Public sector unions are not anti-vaccine—there is nothing about vaccines in conflict with Labor Movement values. When public sector unions oppose vaccine mandates, it is to protect their members in the post-COVID future.
The core union worker protection on the job is the collectively bargained agreement with the employer--the contract. This contract has a scope, what can be bargained and what is left to management. Unions cannot use bargaining to make an employer produce widgets or plumbuses, but the contracts do say when the employer decides, a contract outlines the wages, benefits, job classifications, working conditions, and disciplinary procedures for doing either.
There are many different laws governing public sector unions across state and local jurisdictions so specifics vary. But in general terms, posit a public sector union with a legislature that just passes a law to mandate vaccination. The public sees one thing, but unions know the legislature is changing a contract’s scope unilaterally.
The problem for any union is, what will stop the same legislature coming back and mandating other changes to working conditions or even wages, based on the precedent set with a COVID mandate? While such mandates appeal to a pro-vaccine public, it is ultimately an attack on collective bargaining and an exercise in union busting.
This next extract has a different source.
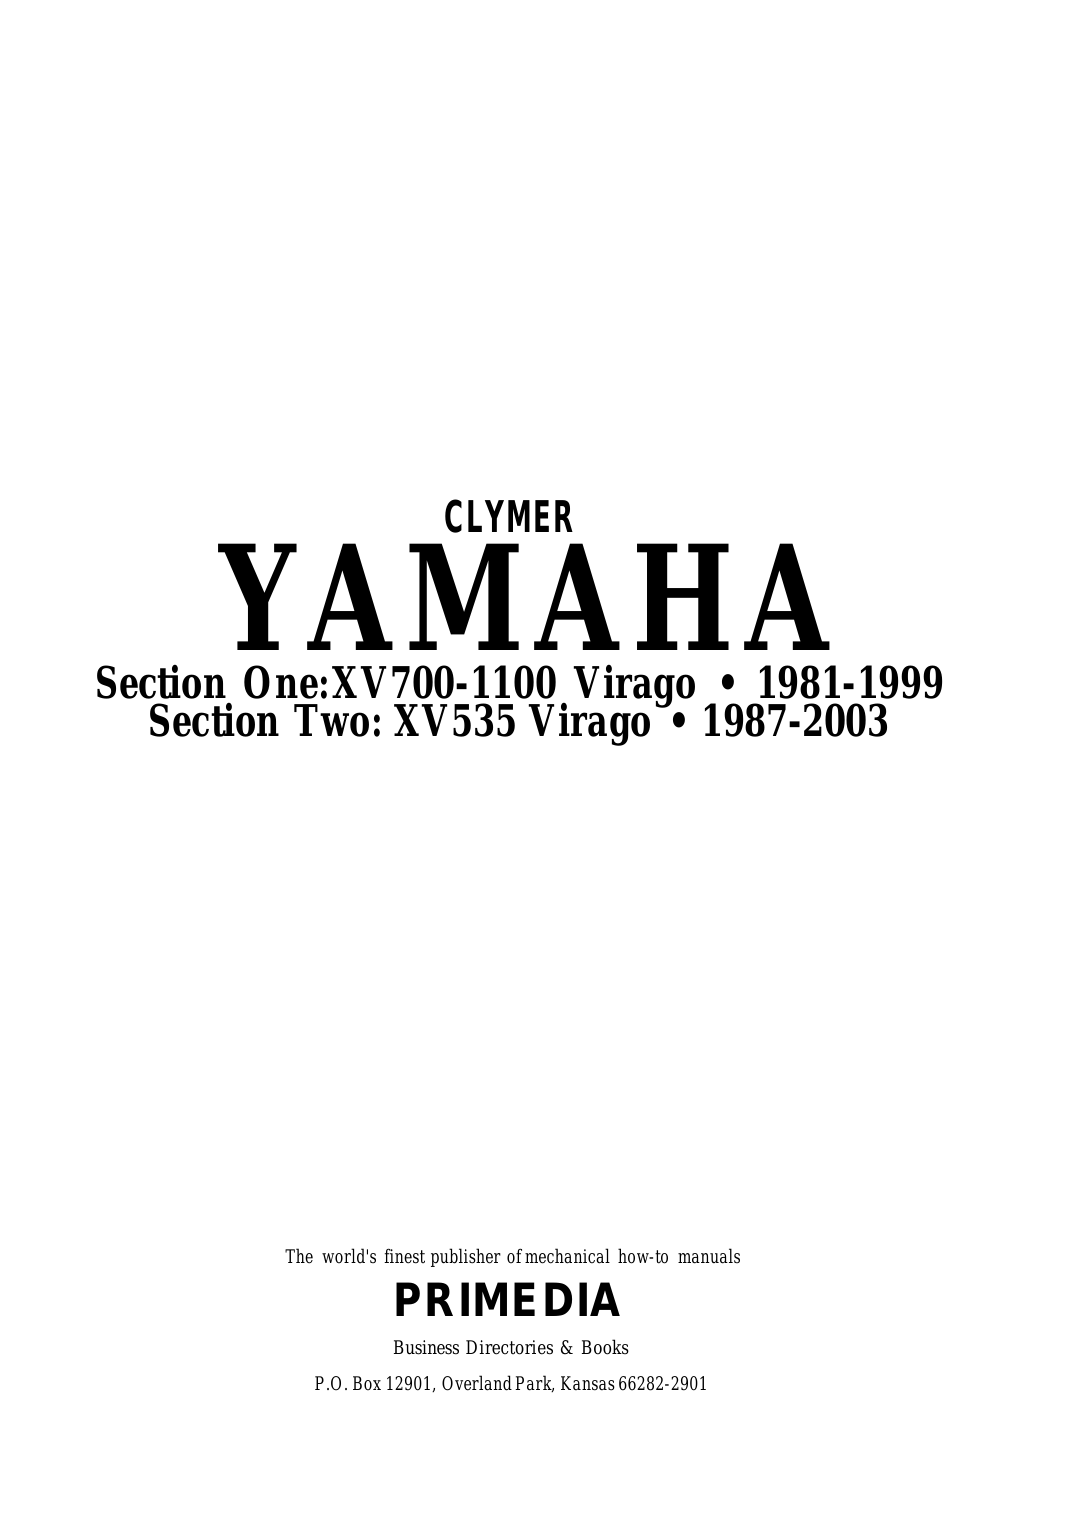 1981-2003 Yamaha XV 535-1100 Virago service repair manual Preview image 2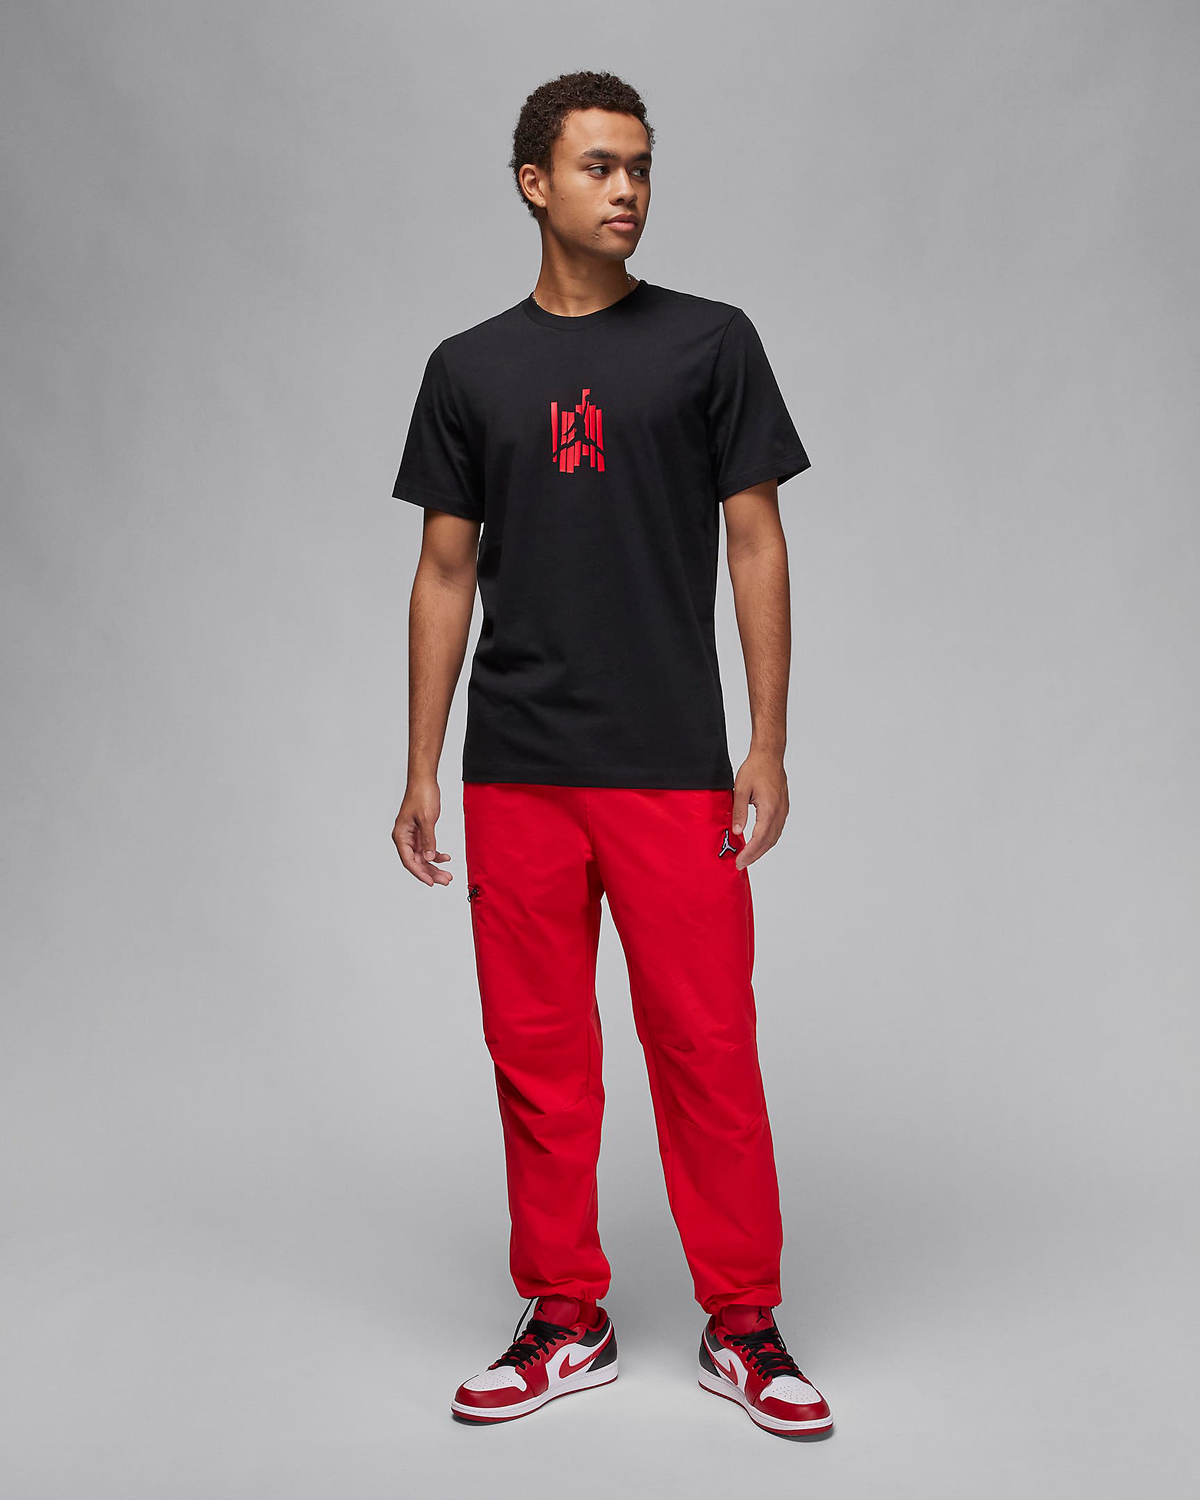 Jordan-Brand-Graphic-T-Shirt-Black-Gym-Red-White

This is the core of why unions sue, to protect members after COVID. Contracts always have a process where the employer and union members can negotiate changes and institute policies to a current contract for COVID safety. This has been done across the United States. A legislative mandate is not a negotiation, but an erosion of a contract’s scope that will lead to more acts of political expedience that will trump workers rights to a contract over time.
Union members and leaders reflect the broader society, and every local union has its share of vaccine hesitators and outright opponents. This is the real world in the United States today. Labor union members have their own individual opinions on a mandate and that shapes how democratic unions respond. But it is the institutional imperative of a union to preserve collective bargaining for the future that leads them to court.